In May, EQC agreed to pay $3.4 billion in an all-stock deal in Monmouth. The current arrangement stands with EQC slated to pay $19 per share, though that deal has been met with its own share of criticism. Earlier this week, EQC slightly increased its bid, but the Monmouth board increased the EQC termination fee by $10 million, resulting in backlash.
“The Monmouth board’s decision to increase the termination fee for EQC, without having engaged in a single conversation with a committed all-cash bidder already at a significant premium to EQC, is yet another disappointing breach of faith to its shareholders — a clear effort to protect EQC from competing bidders willing to offer superior and more certain value to Monmouth shareholders,” Bing said. “In contrast, Starwood has not raised its termination fee in connection with its revised offer.”
Beyond Starwood, other parties have pushed back against Monmouth’s relationship with EQC, pointing to EQC’s limited industrial real estate experience as well as uncertainty surrounding the value of Monomouth’s shares. On Aug. 6, Institutional Shareholder Services (ISS) issued a report urging against the EQC-Monmouth merger, concluding that “there remains substantial uncertainty that the combined company will be able to execute on the post-transaction opportunities touted by [Monmouth]’s board.”
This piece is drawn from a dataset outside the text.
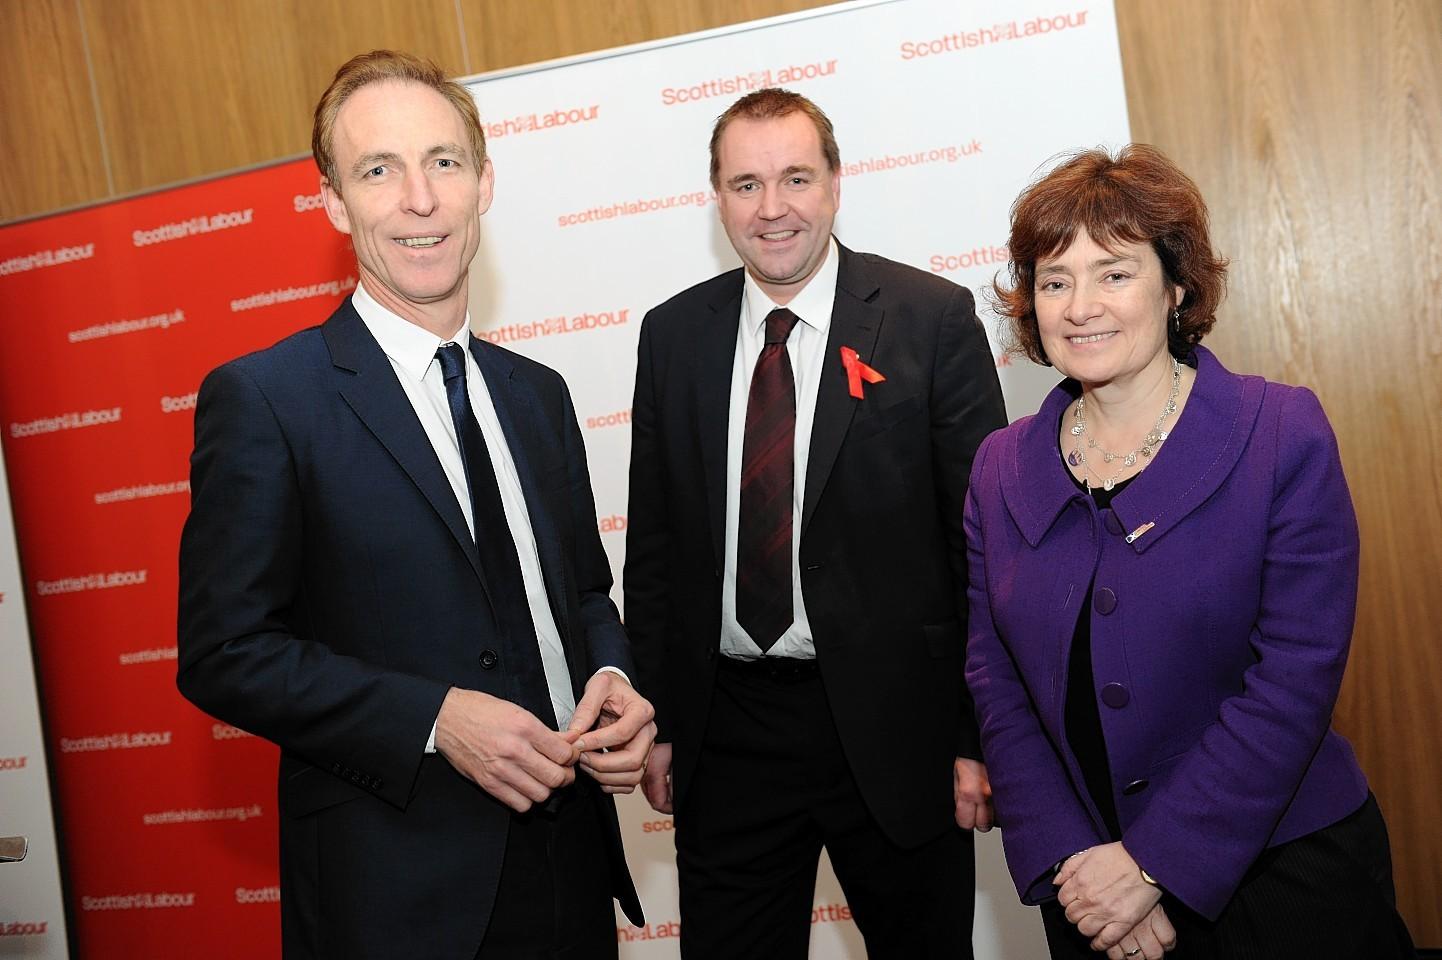 Jim Murphy, Neil Findlay and Sarah Boyack last night.

Monmouth shareholders will vote on the proposed EQC merger at the end of the month, and it would require two-thirds of the vote against it to fail, according to a Starwood spokesperson.
But, Starwood and ISS aren’t the only ones against the deal. On Tuesday, Monmouth investor Blackwells Capital — which, like Starwood, failed to acquire Monmouth earlier this year — announced similar opposition to EQC’s stake in the company.
At this time, Starwood has urged Monmouth to declare its offer superior to EQC’s and jump on board with the proposal as quickly as possible. Monmouth’s board is currently assessing the enhanced offer and has yet to decide on an action, according to a statement from Monmouth.
A spokesperson for EQC did not immediately respond to a request for comment.